§ 28A‑15‑5.  Order in which assets appropriated; abatement.

(a) General Rules. – In the absence of testamentary indication as to the order of abatement, or some other controlling statute, shares of devisees and of heirs abate, without any preference or priority as between real and personal property, in the following order:

(1) Property not disposed of by the will;

(2) Residuary devises;

(3) General devises;

(4) Specific devises.

For purposes of abatement, a demonstrative devise of money or property payable out of or charged on a particular fund or other property is treated as a specific devise; but if the particular fund or property out of which the demonstrative devise is to be paid is nonexistent or  insufficient at the death of the testator, the deficiency is to be payable out of the general estate of the decedent and is to be regarded as a general devise and must abate pro rata with other general devises. Abatement within each classification is in proportion to the amounts of property each of the beneficiaries would have received, had full distribution of the property been made in accordance with the terms of the will.

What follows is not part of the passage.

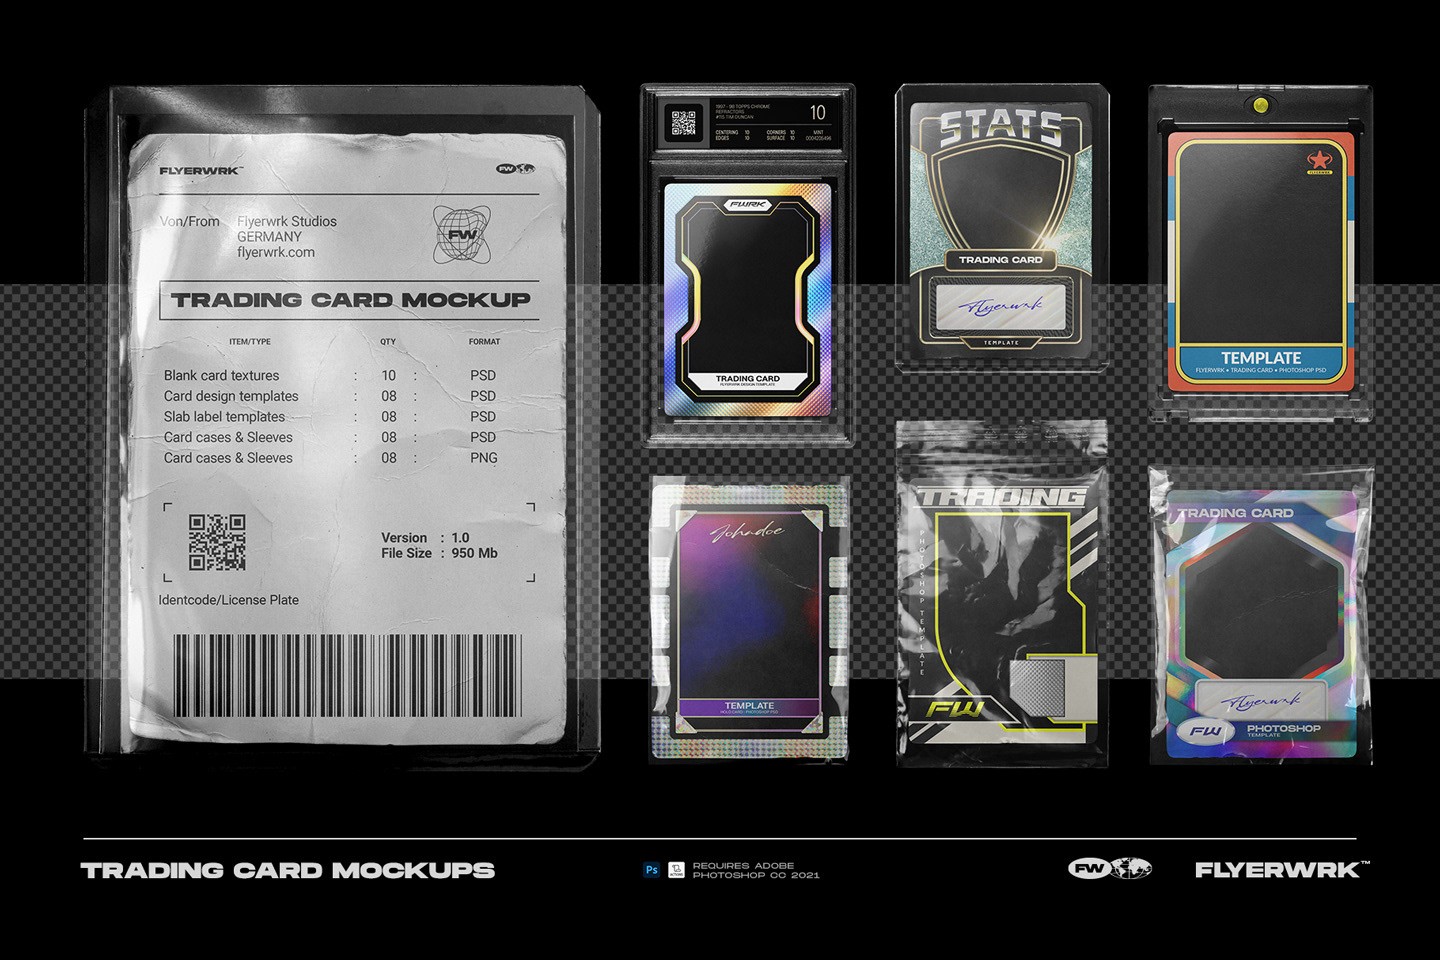 球星卡片包装设计展示样机模板PSD 样机素材 第8张

(b) Abatement; Sales; Contribution. – When property which has been specifically devised is sold, leased, or mortgaged, or a security therein is created, by the personal representative, abatement shall be achieved by ratable adjustments in, or contributions from other interest in the remaining assets. The clerk of superior court shall, at the time of the hearing on the petition for final distribution, determine the amounts of the respective contributions and whether the same shall be made before distribution or shall constitute a lien on specific property which is distributed. (1973, c. 1329, s. 3.)